[ClusterLabs] fence_mpath and failed IP

Mon Mar 30 22:56:26 EDT 2020

On Sat, 2020-02-22 at 03:50 +0200, Strahil Nikolov wrote:
> Hello community,
> 
> Recently I have started playing with fence_mpath and I have noticed
> that when the node is fenced,  the node is kicked out of the
> cluster  (corosync & pacemaker are shut down).
> 
> Fencing works correctly , but the IP address cannot be brought up on
> the designated 'replacement' host, because it was left on the old
> node.
> 
> I believe that this is a timing issue -  fenced node doesn't have the
> time to shutdown all it's resources before pacemaker dies locally.
> 
> Can someone confirm this behaviour on anothger distro,  as I'm
> currently testing it on RHEL7? If it is only for RedHat,  I can open
> a bug in the bugzilla.
> 
> Note: There is a workaround in order to reboot the node (using
> a  symbolic link to /etc/watchdog.d )  with the help of the
> fence_scsi or the fence_mpath scripts  in /usr/share/cluster .
> 
> 
> Best Regards,
> Strahil Nikolov

I'm not expert with fabric fencing, but from what I understand, this is
an inherent limitation.

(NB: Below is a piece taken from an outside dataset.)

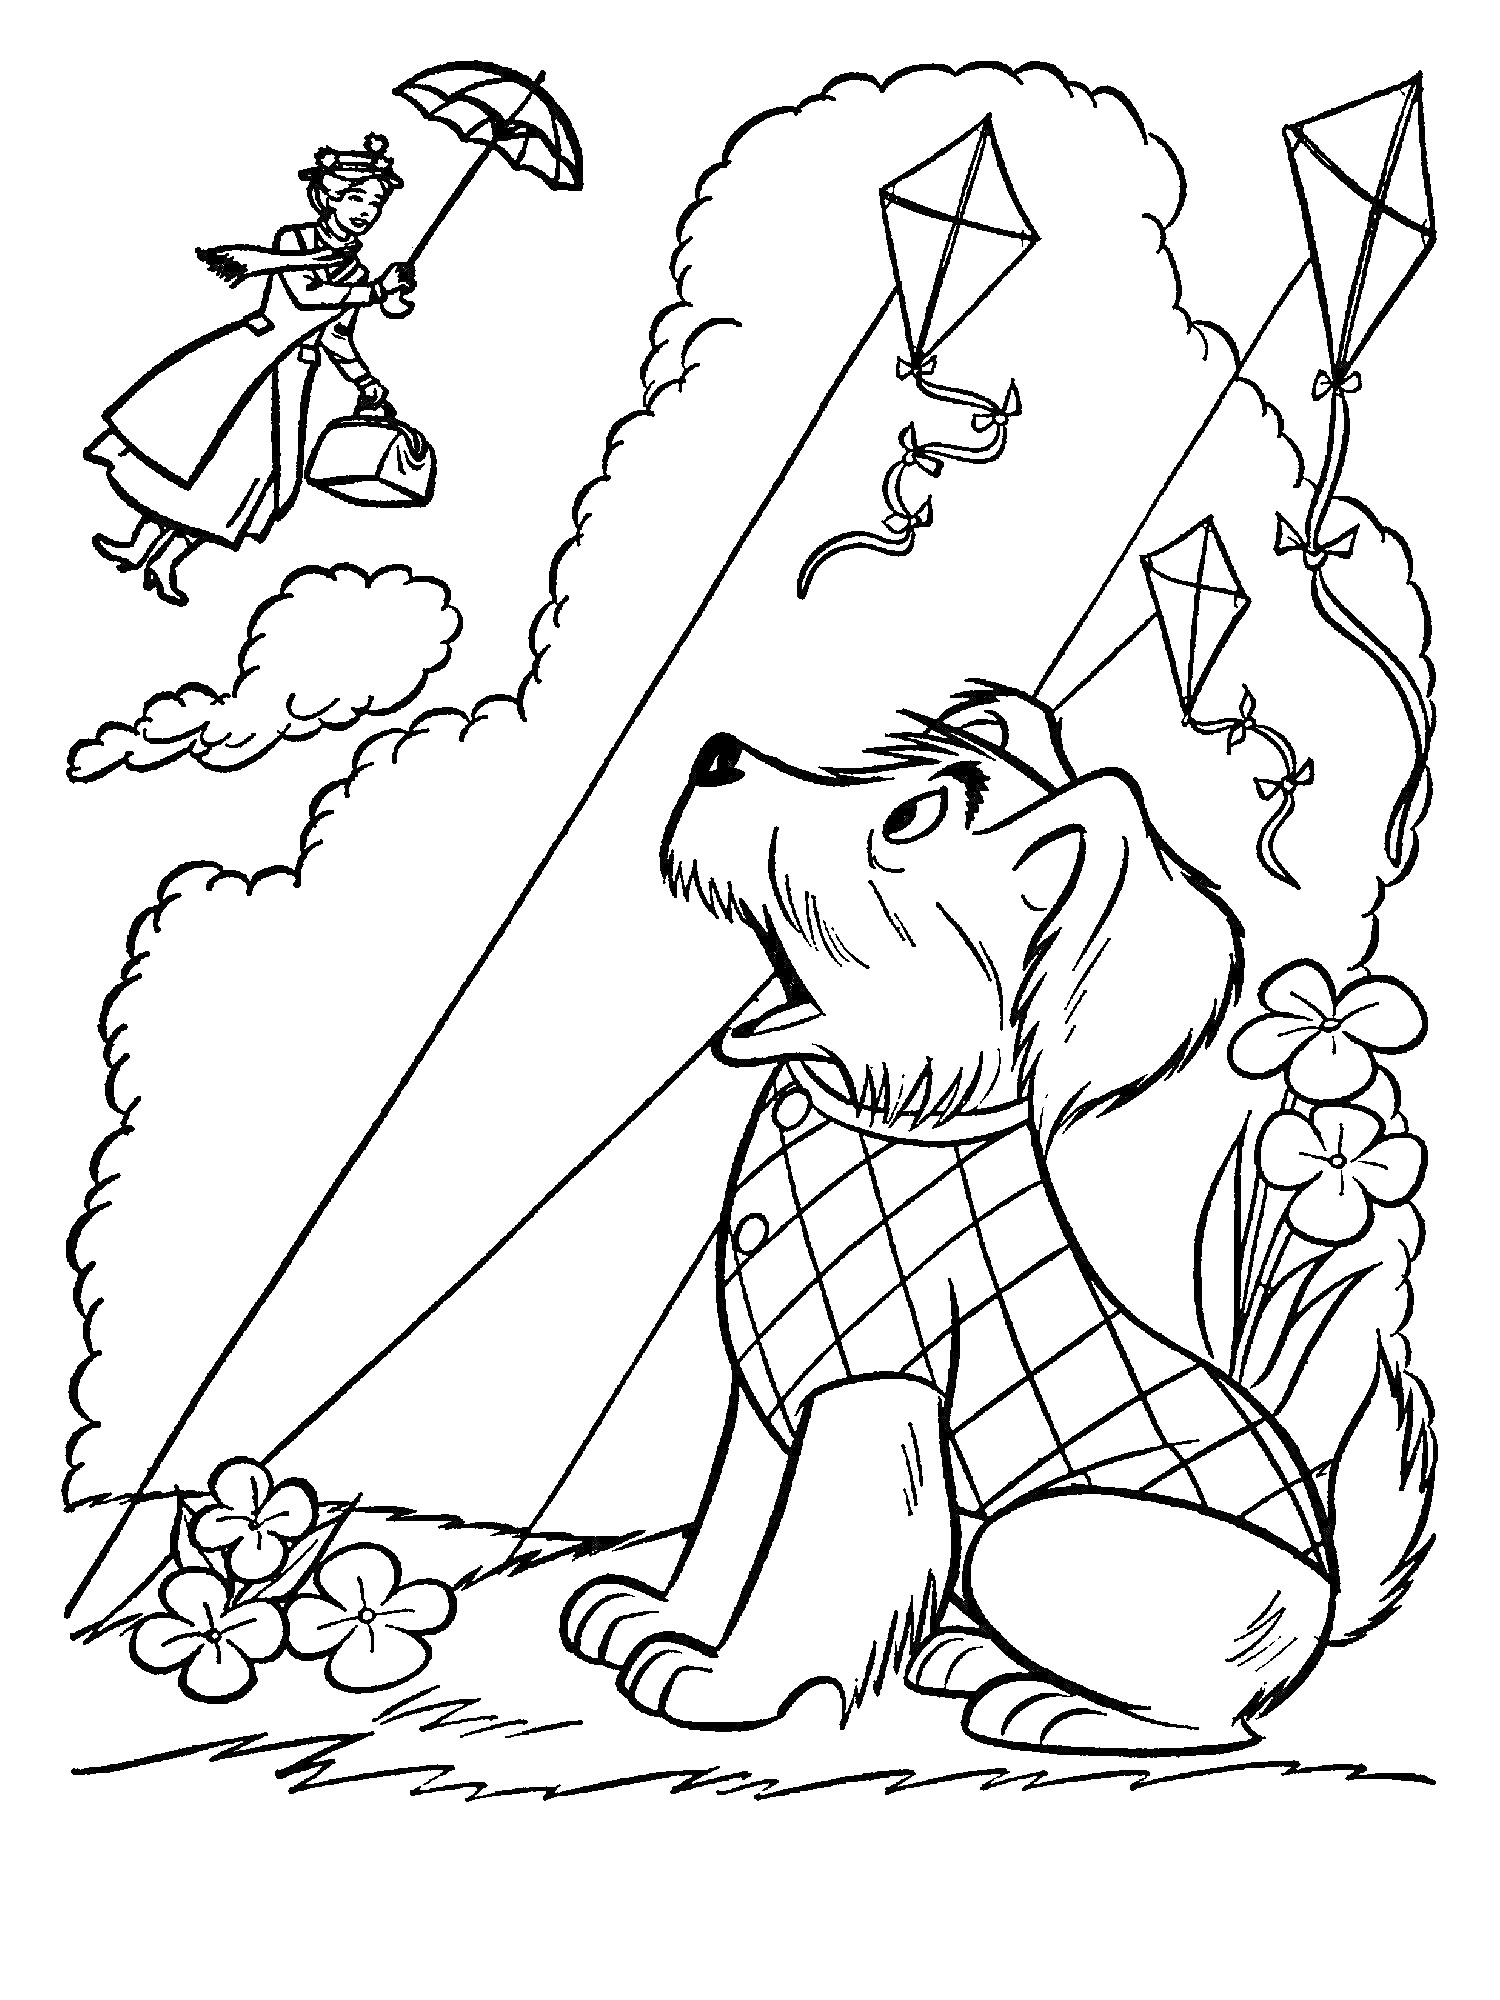 Мэри Поппинс летит с зонтом над собакой в клетчатом свитере, которая сидит на траве среди цветов и смотрит на воздушных змеев.

Cutting off the disk obviously has no effect on
resources (like an IP) that don't require that disk.

Pacemaker 2.0.3 added a new cluster property, "fence-reaction", that
controls what a node does when notified of its own fencing. That's
intended for cases like this (though it only is useful if the node is
still functioning well enough to process the notification). The default
of "stop" is pacemaker's traditional response -- immediately stop
pacemaker itself, which can leave resources running. Using "panic" will
make pacemaker halt the node instead.

In theory, the ideal solution would be to use a fencing topology to
combine disk fencing with network access fencing via a smart switch.
However there is a bug with that setup.

I'm not sure what people have traditionally done about the problem.
-- 
Ken Gaillot <kgaillot at redhat.com>